The second most common type of tumor is a benign skin tumor. These represent about 15% of all tumors in guinea pigs. The most common type is a trichofolliculoma, which occurs primarily in males and is benign. They can be removed with surgery.
Mammary gland tumors are also relatively common and may be more common in males. Typically, they are benign fibroadenomas, but some researchers estimate that between 30-75% of mammary tumors are a malignant type called fibro adenocarcinoma. These can invade local tissue and can metastasize to the lungs.
Benign uterine and ovarian tumors are relatively common in female guinea pigs that have not been spayed. Uterine tumors are often leiomyomas, and ovarian tumors are often teratomas.
Lymphocytic leukemias are more common in guinea pigs under age three. They may be caused by a viral infection. Unfortunately, these are very dangerous tumors. Typically, guinea pigs only live 2-3 weeks after clinical signs start.
T-cell lymphoma has been reported in guinea pigs. Typically, this is a poor prognosis.
How Veterinarians Diagnose Tumors and Cancers in Guinea Pigs
The diagnosis starts with a thorough physical exam by a vet. If any skin nodules are found, your veterinarian might perform a fine needle aspiration. This involves using a very thin needle to collect sample of cells from the tumor. Then the cells are examined under a microscope to see if they look abnormal and may indicate cancer.
The vet may also recommend a biopsy for skin tumors, either by taking a small tissue sample or completely removing the lump under anesthesia and sending it a pathologist to examine.
If your guinea pig has symptoms like trouble breathing, distended belly, not eating, and lethargy, your veterinarian will may perform tests such as bloodwork, x-ray, ultrasound, and CT scans to see how the organs are working.
If your veterinarian has found a tumor and is worried about it being malignant or metastasizing, they will likely perform an x-ray/CT scan or ultrasound to look for other spots where the tumor could have spread. This may include evaluating the lymph nodes, or even removing them, to look for any spread of the tumor.
Treatment of Tumors and Cancers in Guinea Pigs
Depending on the type of tumor, the most common treatment is removing through surgery. Chemotherapy and radiation might also be recommended if the tumor is malignant. Depending on the prognosis or stage of the tumor, palliative care might become the focus. This means keeping your guinea pig comfortable for as long as possible to maintain a good quality of life.
Recovery and Management of Tumors and Cancers in Guinea Pigs
Some tumors can be entirely removed and cured through surgery.
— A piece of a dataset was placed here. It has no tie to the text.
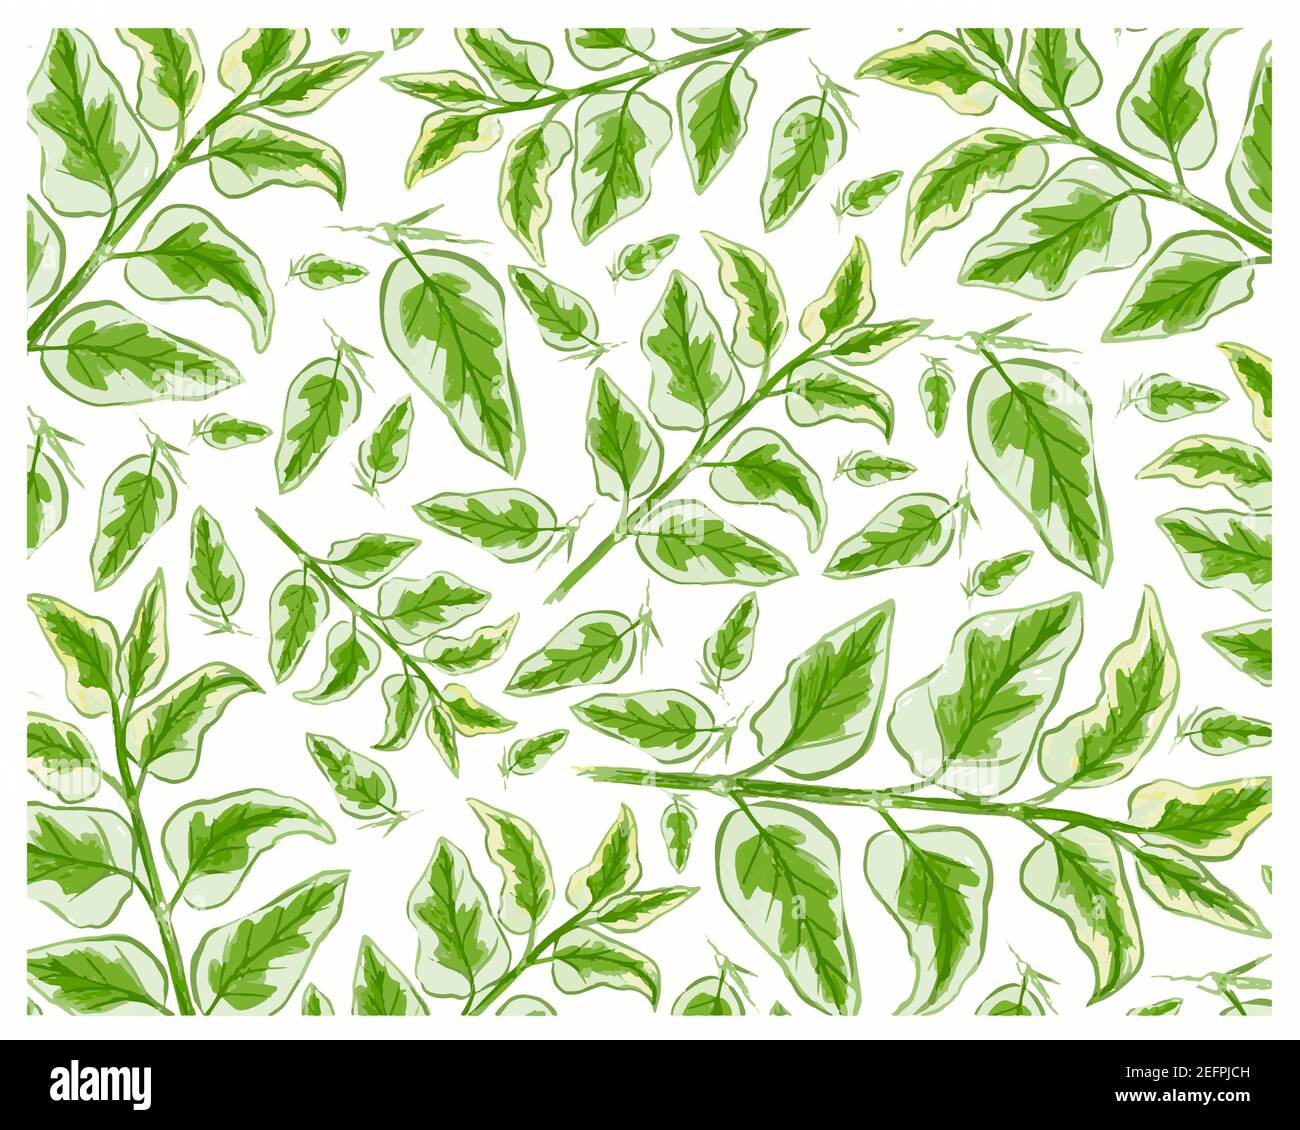 Ecological Concept, Illustration Background of Asystasia Gangetica, Chinese Violet, Coromandel, Creeping Foxglove or Asystasia Leaves. Stock Photo

After two weeks of rest and monitoring, your guinea pig can generally go back to her normal activities after following up with your veterinarian.
However, a tumor that is not entirely removed can grow back, even with supportive treatment.
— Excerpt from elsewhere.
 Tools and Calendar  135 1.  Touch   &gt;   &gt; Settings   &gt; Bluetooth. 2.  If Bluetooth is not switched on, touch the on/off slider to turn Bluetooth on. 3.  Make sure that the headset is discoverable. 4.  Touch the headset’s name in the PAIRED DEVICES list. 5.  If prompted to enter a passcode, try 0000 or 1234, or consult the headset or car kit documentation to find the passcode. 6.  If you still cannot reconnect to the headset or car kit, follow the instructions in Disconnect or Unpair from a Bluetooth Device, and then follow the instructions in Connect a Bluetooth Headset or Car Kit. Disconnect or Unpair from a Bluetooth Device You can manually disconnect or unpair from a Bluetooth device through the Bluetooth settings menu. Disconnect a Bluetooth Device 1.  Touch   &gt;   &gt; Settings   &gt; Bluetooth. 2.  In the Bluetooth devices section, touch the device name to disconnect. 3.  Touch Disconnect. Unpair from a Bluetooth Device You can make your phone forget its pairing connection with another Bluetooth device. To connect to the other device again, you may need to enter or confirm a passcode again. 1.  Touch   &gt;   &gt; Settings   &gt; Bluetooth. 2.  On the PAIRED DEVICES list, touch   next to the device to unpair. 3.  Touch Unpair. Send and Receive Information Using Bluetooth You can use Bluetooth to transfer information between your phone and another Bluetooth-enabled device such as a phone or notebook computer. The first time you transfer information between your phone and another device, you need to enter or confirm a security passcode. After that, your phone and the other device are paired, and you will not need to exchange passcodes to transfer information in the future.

Some malignant tumors can only be managed with chemotherapy, radiation, or surgery, which can be a long recovery process with frequent weekly or monthly trips to your veterinarian. Supplement with high fiber Oxbow Critical Care to offset any eating issues.
Depending on the severity of the disease, your veterinarian might recommend diet and lifestyle changes. Hence, it is vital to follow their instructions and check in if you have any questions or concerns.
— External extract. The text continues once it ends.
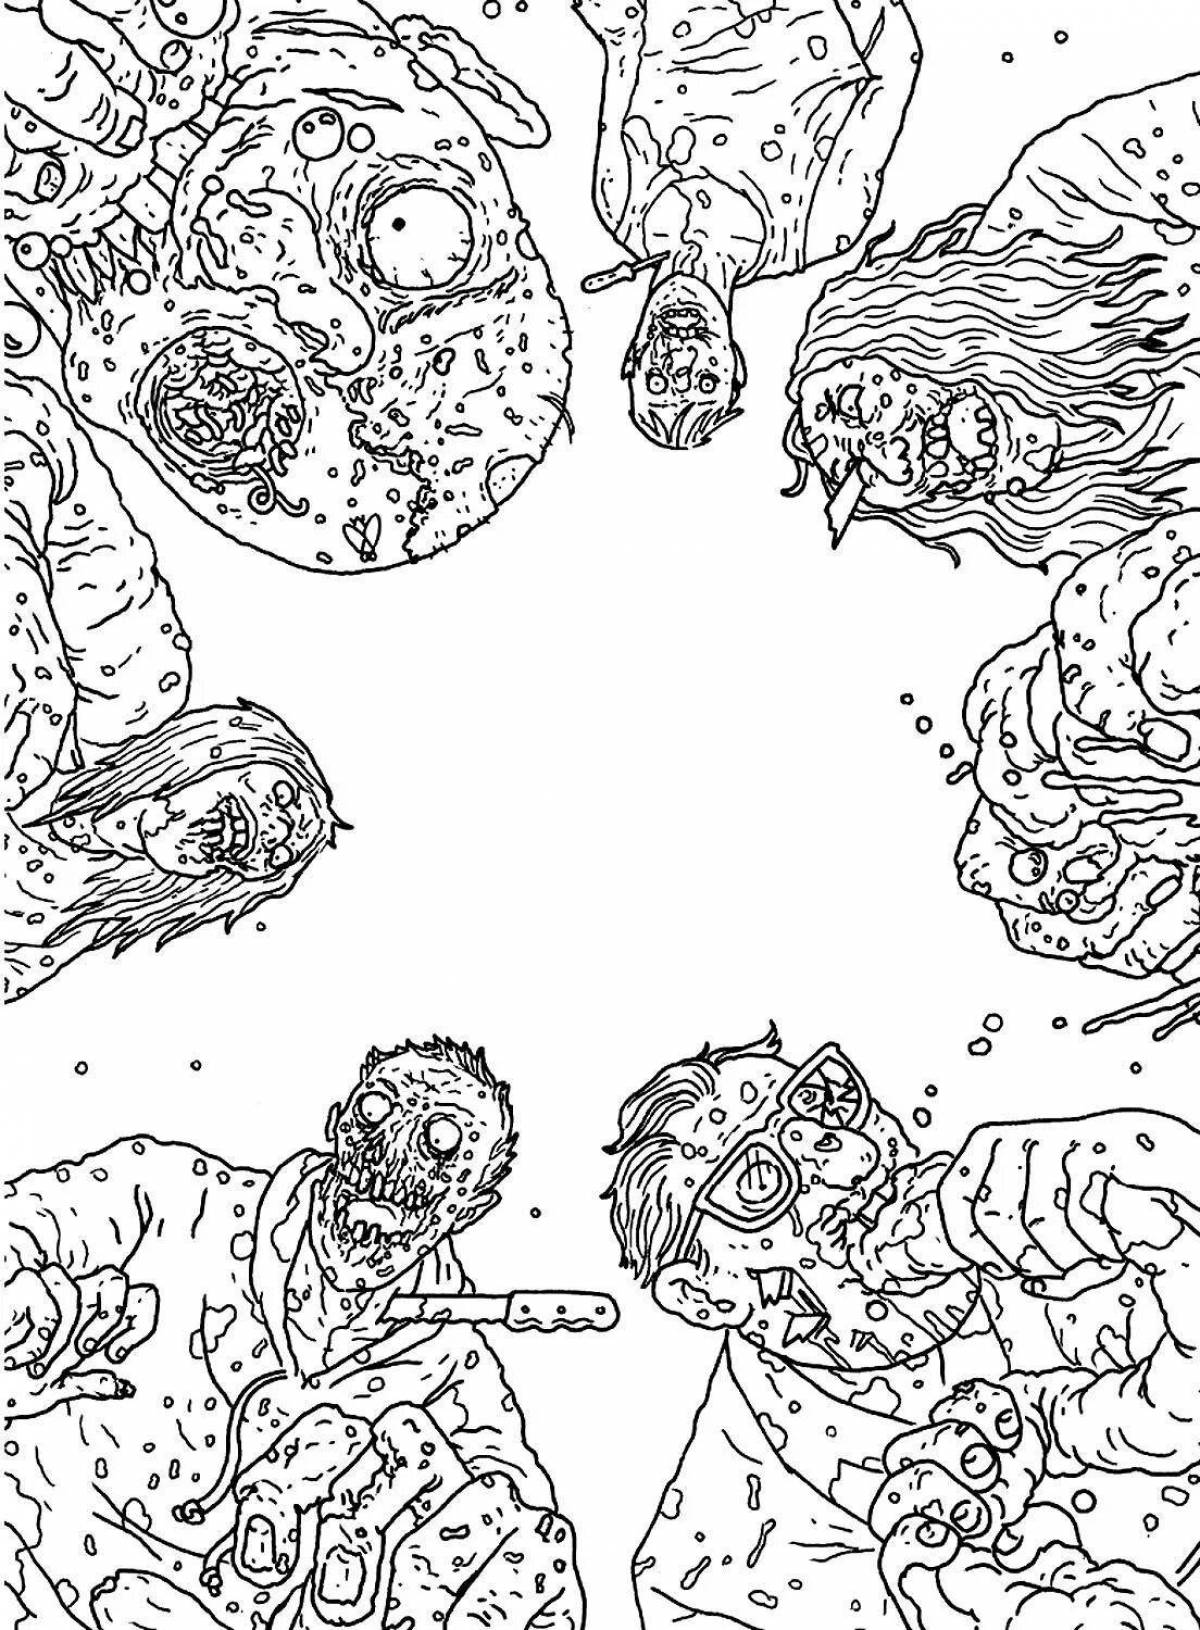 Photo Ghoulish zombie apocalypse coloring book

To prevent reproductive tumors in your female guinea pig, it is best to get them spayed early.
Cancers and Tumors in Guinea Pigs FAQs
How long can a guinea pig live with a tumor?
A guinea pig who has a benign tumor removed can go on living a completely normal and healthy life. More serious tumors, such as lymphoma, can be fatal within 2-3 weeks.
What do I do if my guinea pig has lumps?
If you notice a lump, have your guinea pig evaluated as soon as possible by your veterinarian. Take daily pictures of the lump at home so your veterinarian can assess if anything has changed over time.